Cud, że nikt nie zginął. Rosjanie uderzali w bloki mieszkalne
W nocy Rosjanie ostrzelali pociskami S-300 cywilne bloki mieszkalne w Mikołajowie. Uszkodzone zostały pięciopiętrowe i dziewięciopiętrowe budynki. Zniszczono rurociąg grzewczy i plac zabaw. Straty są duże, ale ma ofiar.
W nocy Rosjanie ostrzeliwali pięciopiętrowe i dziewięciopiętrowe budynki. Zniszczone zostały samochody, rurociąg grzewczy i plac zabaw. Nie ma ofiar. Raporty o tych zdarzeniach przekazało Dowództwa Operacyjne "Południe".
Przypomnijmy, że w nocy z poniedziałku na wtorek rosyjskie pociski też spadły na to miasto. Życie straciła wówczas jedna osoba, a ciało ofiary odnaleziono w gruzach budynku, w który trafiła rakieta.
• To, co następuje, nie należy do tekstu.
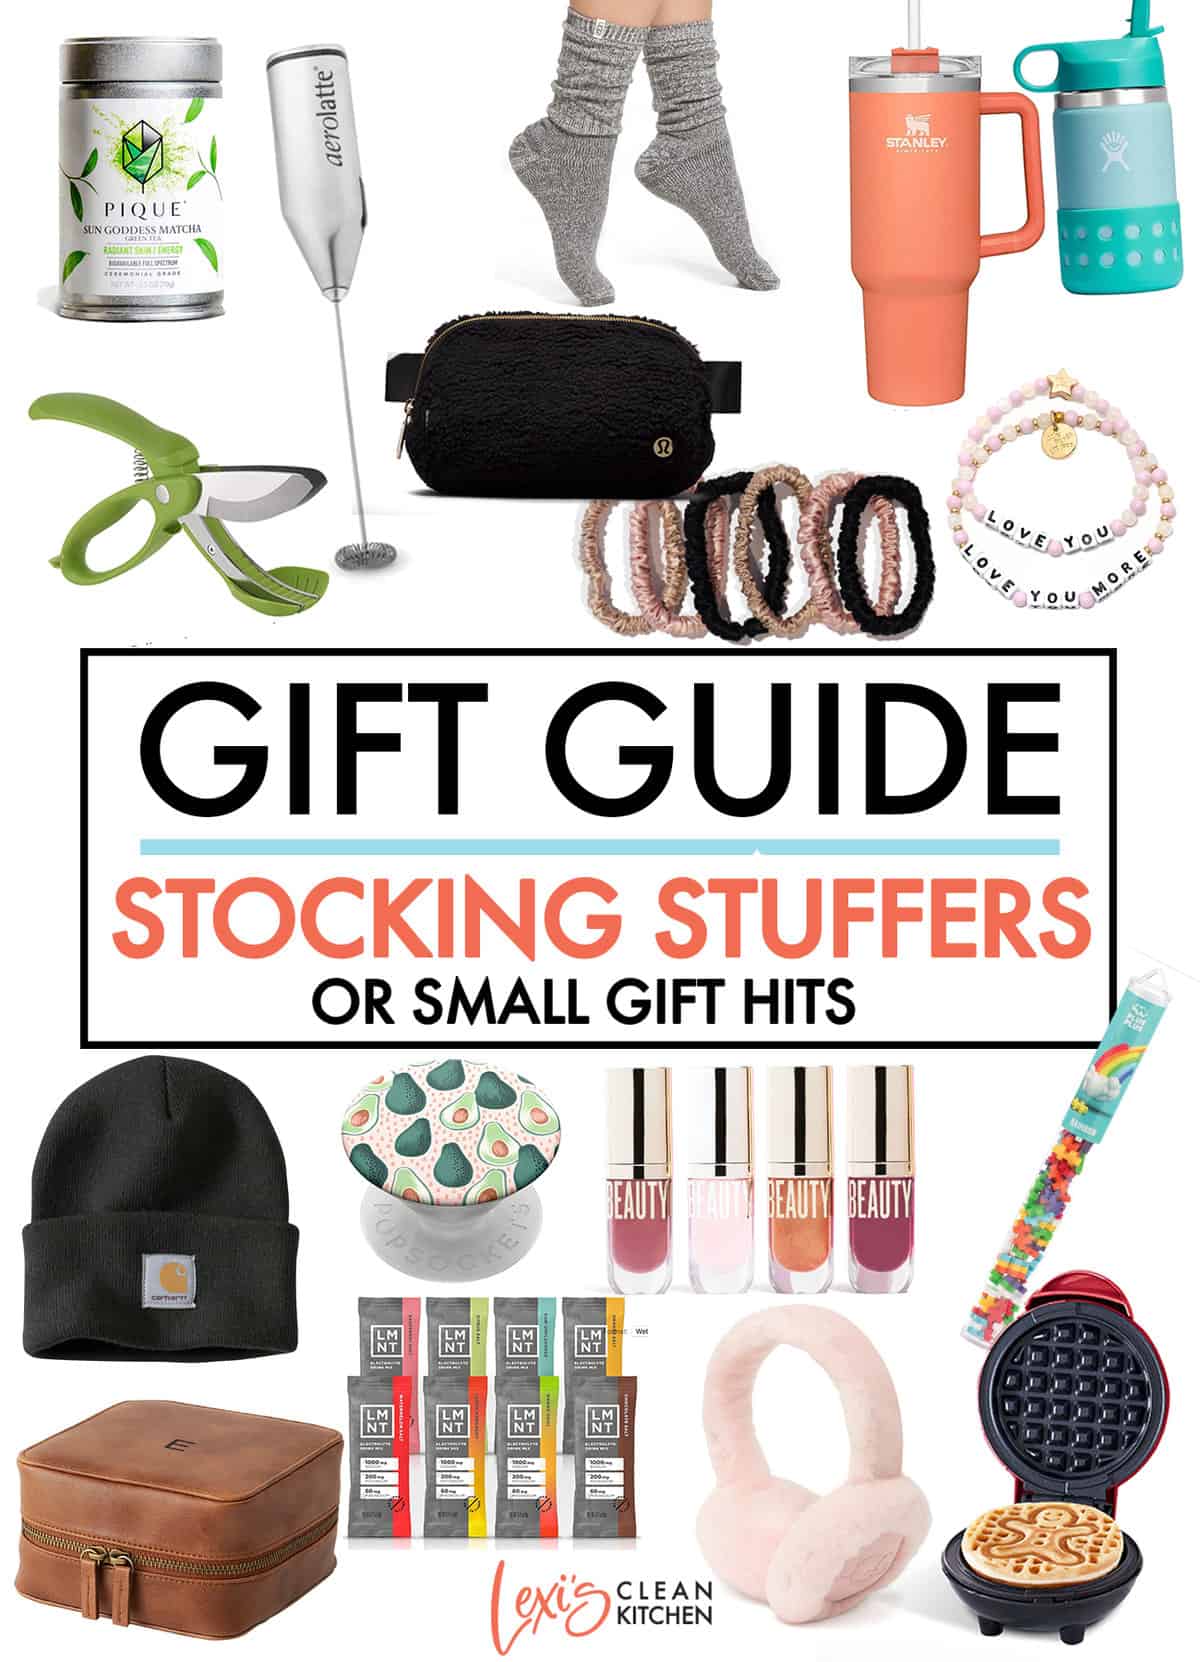 Gift Guide 2021: Give the Gift of Clean

Tej samej nocy siły rosyjskie zaatakowały również za pomocą dronów kamikadze zbiorniki z olejem słonecznikowym w porcie w Mikołajowie. Wedle doniesień, duża ilość oleju wyciekła na ulice, a strażacy pracowali godzinami, aby ugasić pożar, spowodowany przez ostrzał.
Bolesne straty Rosjan
Z kolei w wyniku uderzeń ukraińskich sił w miejsca dyslokacji rosyjskiego sprzętu i żołnierzy, w ostatnich dniach na południu Ukrainy rannych zostało ok. 250 rosyjskich wojskowych - pisze sztab generalny Sił Zbrojnych Ukrainy.
W Nowej Kachowce w obwodzie chersońskim ukraińskie wojsko uderzyło w miejsce dyslokacji sił rosyjskich, niszcząc sześć jednostek ich uzbrojenia i sprzętu oraz raniąc ok. 150 żołnierzy - podaje sztab w komunikacie.
W obwodzie zaporoskim zniszczono pięć jednostek uzbrojenia i sprzętu, a ok. 100 żołnierzy zostało rannych. Trwa weryfikacja informacji o zabitych.